Toxoplasma gondii is an important zoonotic pathogen that is best known as a cause of abortion or abnormalities in the newborn after primary infection during pregnancy. Our aim was to determine the prevalence of T. gondii in wild boar to investigate the possible role of their meat in human infection and to get an indication of the environmental contamination with T. gondii. The presence of anti-T. gondii antibodies was determined by in-house ELISA in 509 wild boar shot in 2002/2003 and 464 wild boar shot in 2007. Most of the boar originated from the "Roerstreek" (n = 673) or the "Veluwe" (n = 241). A binormal mixture model was fitted to the log-transformed optical density values for wild boar up to 20 months old to estimate the optimal cut-off value (-0.685) and accompanying sensitivity (90.6%) and specificity (93.6%). The overall seroprevalence was estimated at 24.4% (95% CI: 21.1-27.7%). The prevalence did not show variation between sampling years or regions, indicating a stable and homogeneous infection pressure from the environment. The relation between age and seroprevalence was studied in two stages. Firstly, seroprevalence by age group was determined by fitting the binary mixture model to 200 animals per age category. The prevalence showed a steep increase until approximately 10 months of age but stabilized at approximately 35% thereafter.
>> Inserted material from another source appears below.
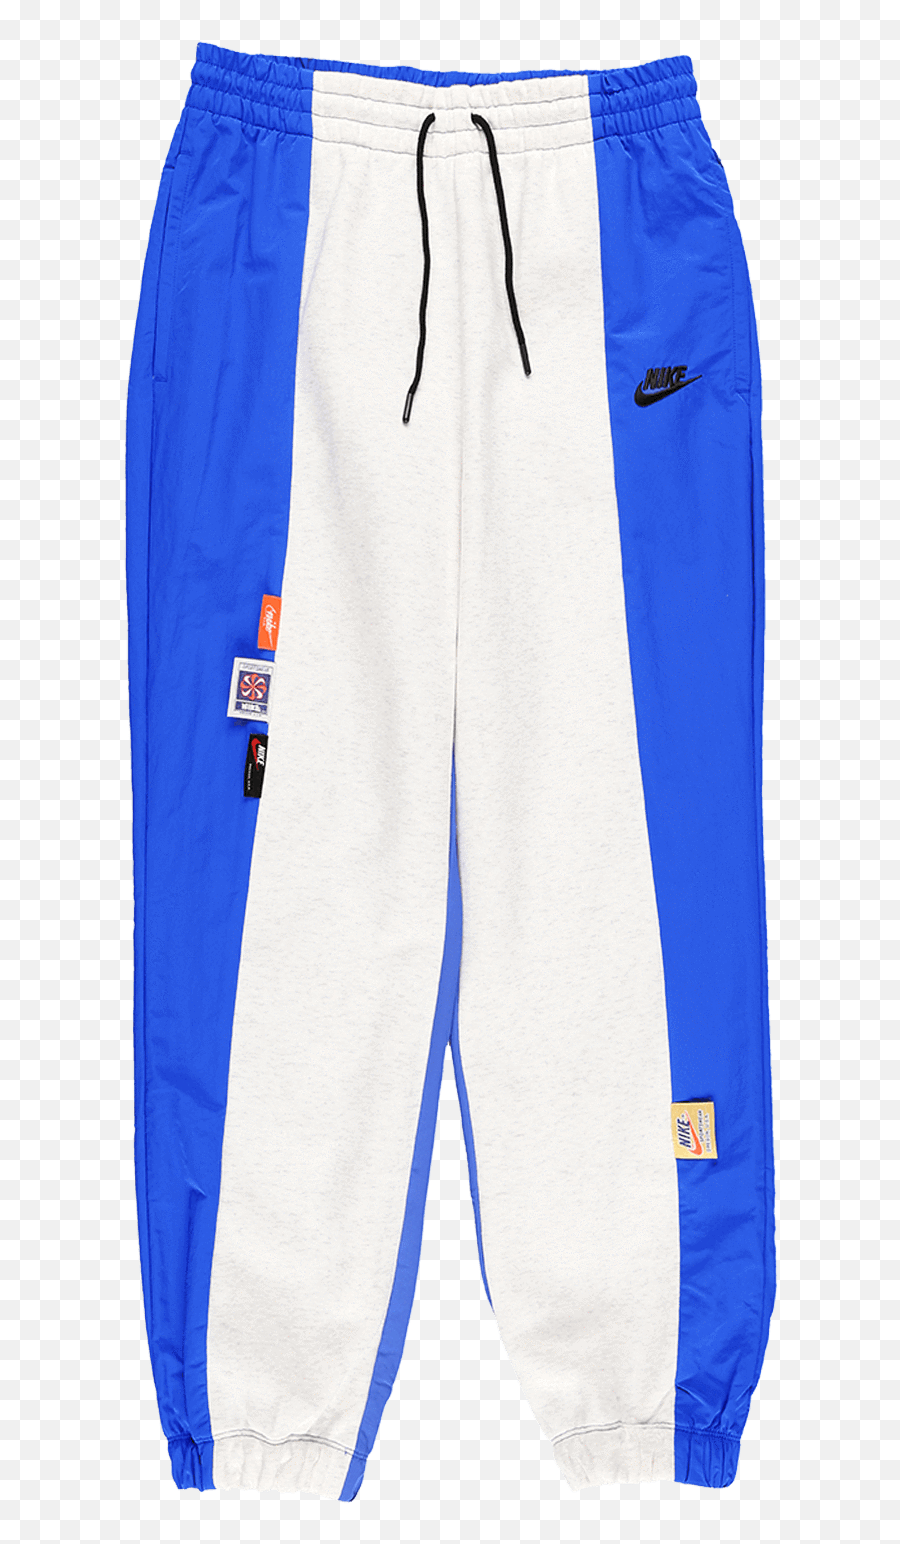 Nike Power Icon Clash Pants - Birch Heather Garmentory Nike Sportswear Icon Clash Pants Birch Heather Png,Trousers Shorts Icon
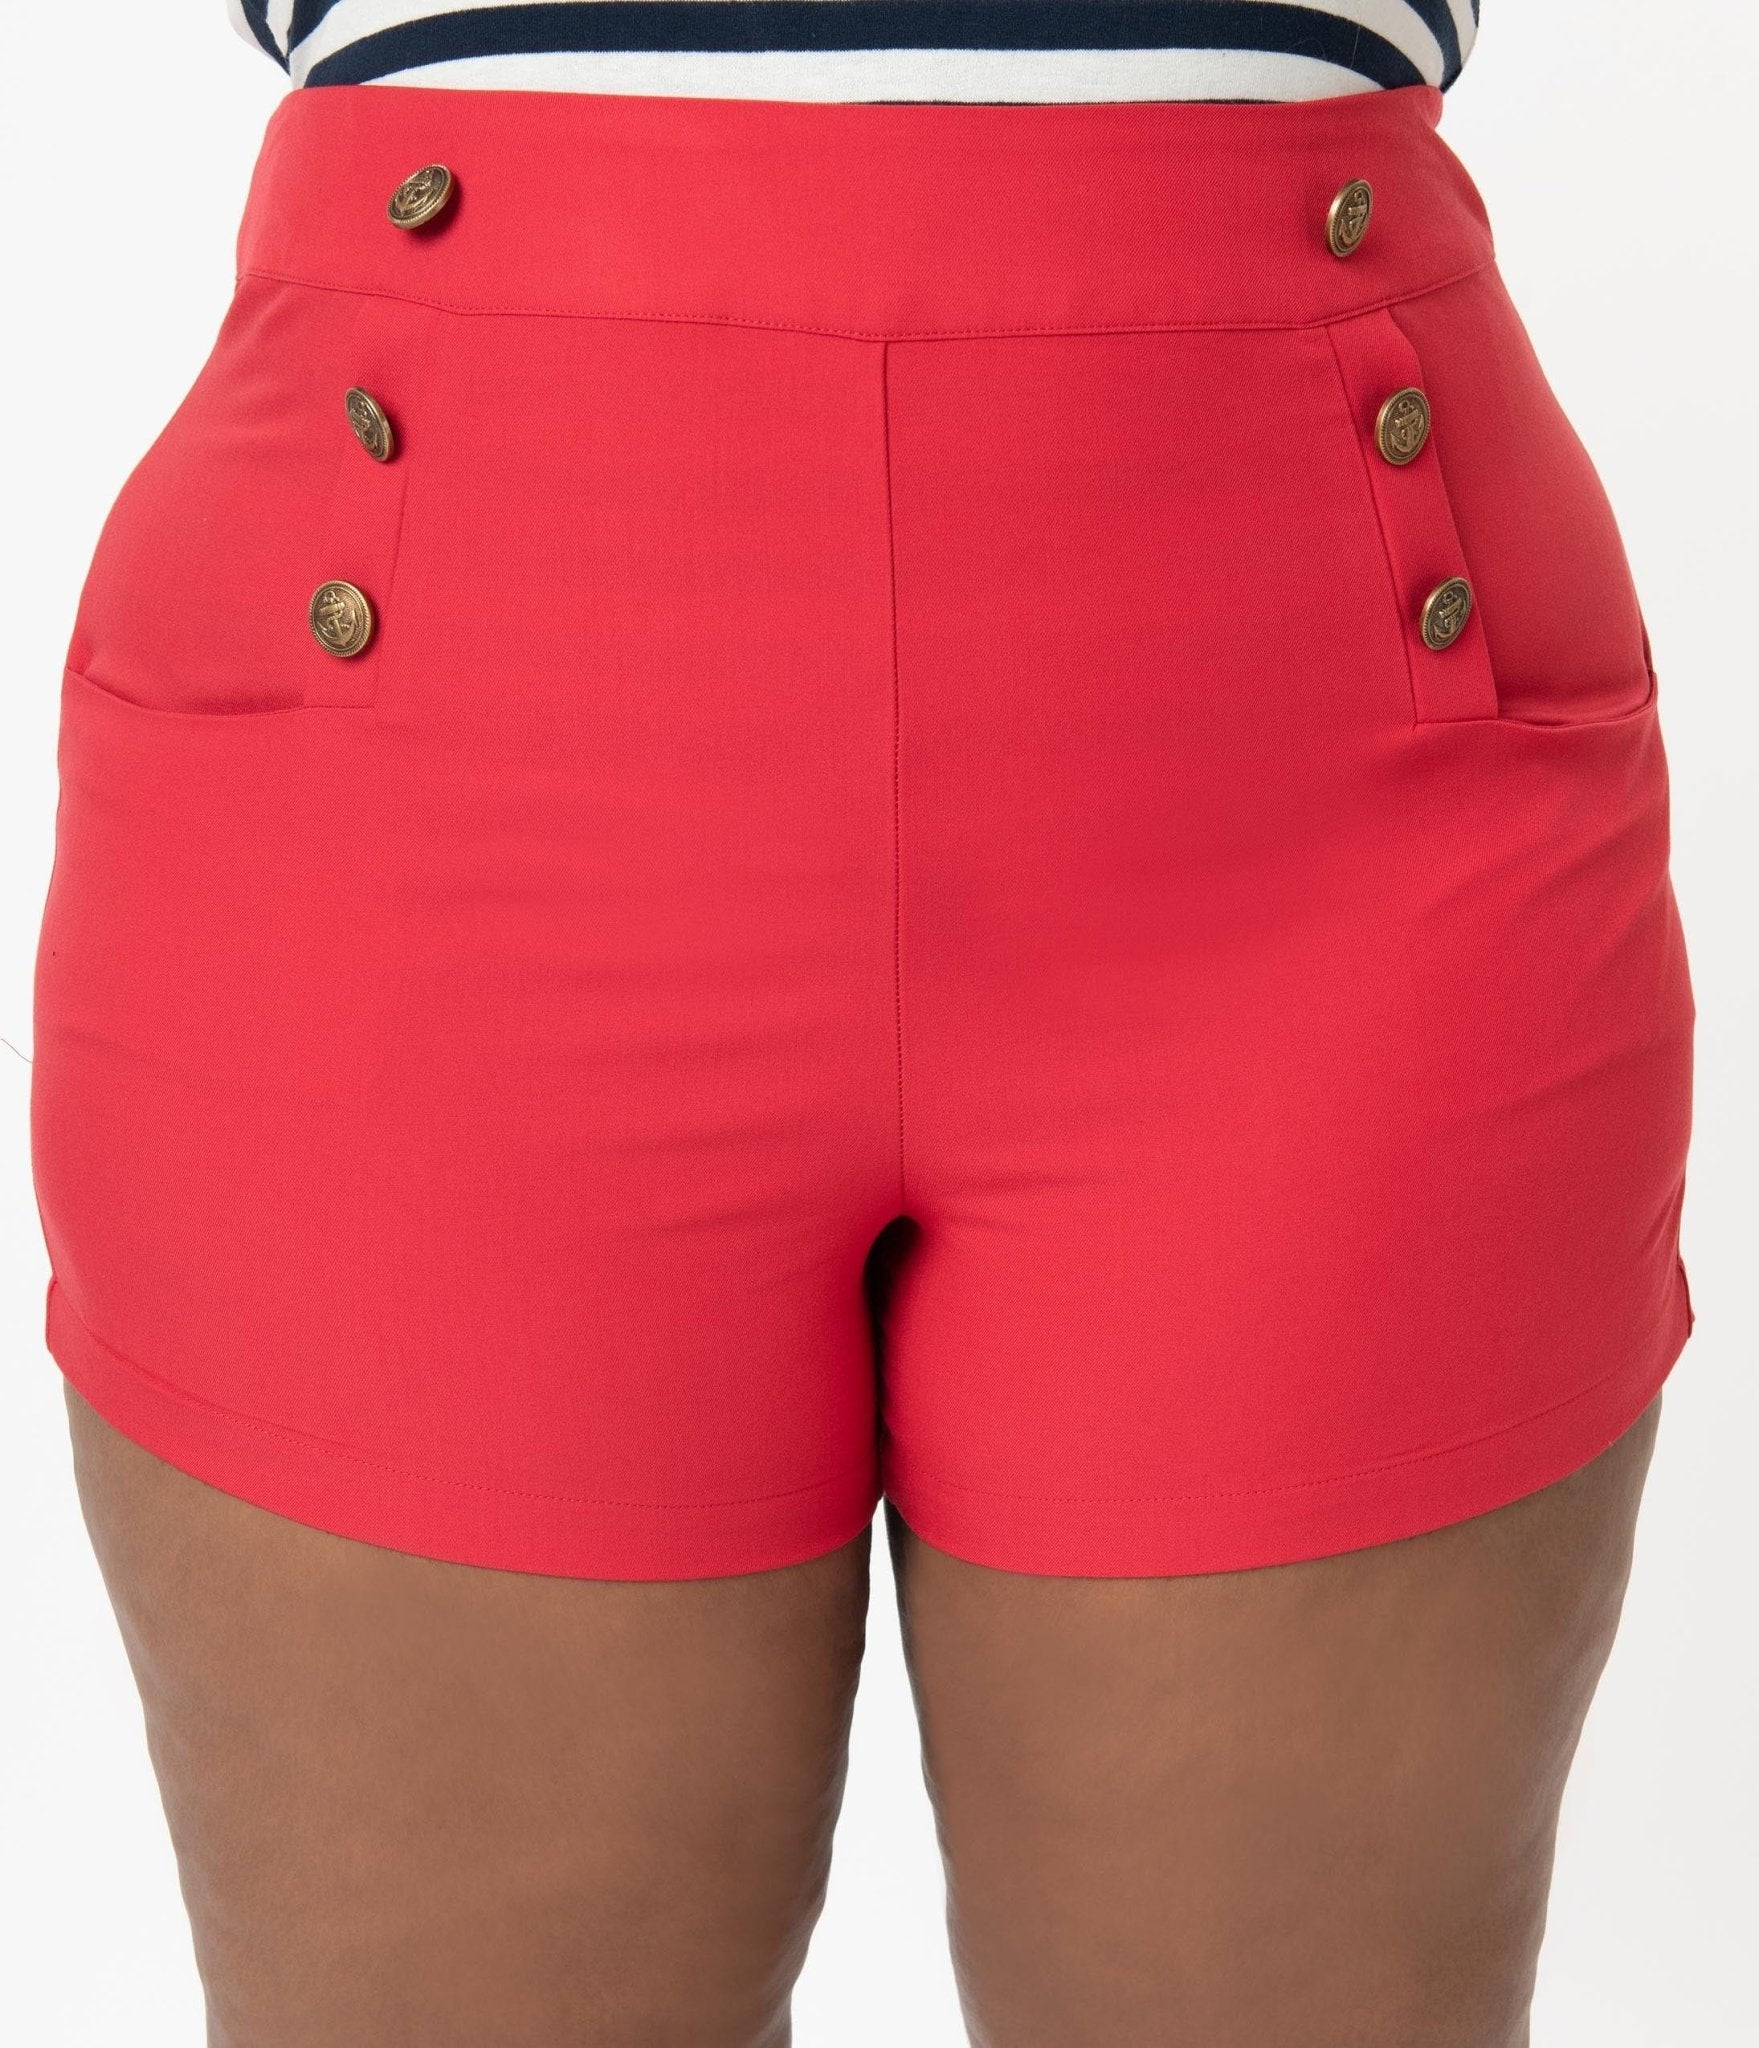 HIGH WAIST SHORTS Womens Red Flared Shorts With Pockets. 1940s

Secondly, we fitted the age-dependent seroprevalence data to several SIR-type models, with seropositives as infected (I) and seronegatives as either susceptible (S) or resistant (R). A model with a recovery rate (SIS) was superior to a model without a recovery rate (SI). This finding is not consistent with the traditional view of lifelong persistence of T. gondii infections. The high seroprevalence suggests that eating undercooked wild boar meat may pose a risk of infection with T. gondii.

Introduction

Toxoplasma gondii is an important zoonotic protozoan with a worldwide distribution that may cause abortion or abnormalities in the newborn. Cats are the definitive host of T. gondii and shed millions of oocysts into the environment after a primary infection. T. gondii infection is probably of limited clinical importance in wild boar: Severe clinical toxoplasmosis is considered rare in pigs [1], and although decreased reproductive performance was observed in T. gondii seronegative—and therefore at risk for primary infection—wild boar [2], there are no reports of clinical toxoplasmosis in wild boar. However, infected wild boar are a source of infection for people if their meat is eaten undercooked [3]. In addition, the prevalence in wild boar gives an indication of the environmental contamination, since they acquire their infection from contact with soil or by ingesting infected rodents or birds.

The T. gondii seroprevalence for the Dutch human population has decreased from 40.5% in 1995/1996 to 26.0% in 2006/2007 [4]. This is thought to be an effect of the decreased prevalence in consumption animals, especially in pigs, due to increased intensive indoor farming. A stable infection pressure from the environment is suggested by the unchanged seroprevalence in sheep when compared to studies in the eighties [5]. However, differences may have been missed due to methodological differences between studies, for example the cut-off value used in the serological assay or the number of confounders corrected for in the analysis. Therefore, we chose to compare the seroprevalence of T. gondii in wild boar for two years within the same study.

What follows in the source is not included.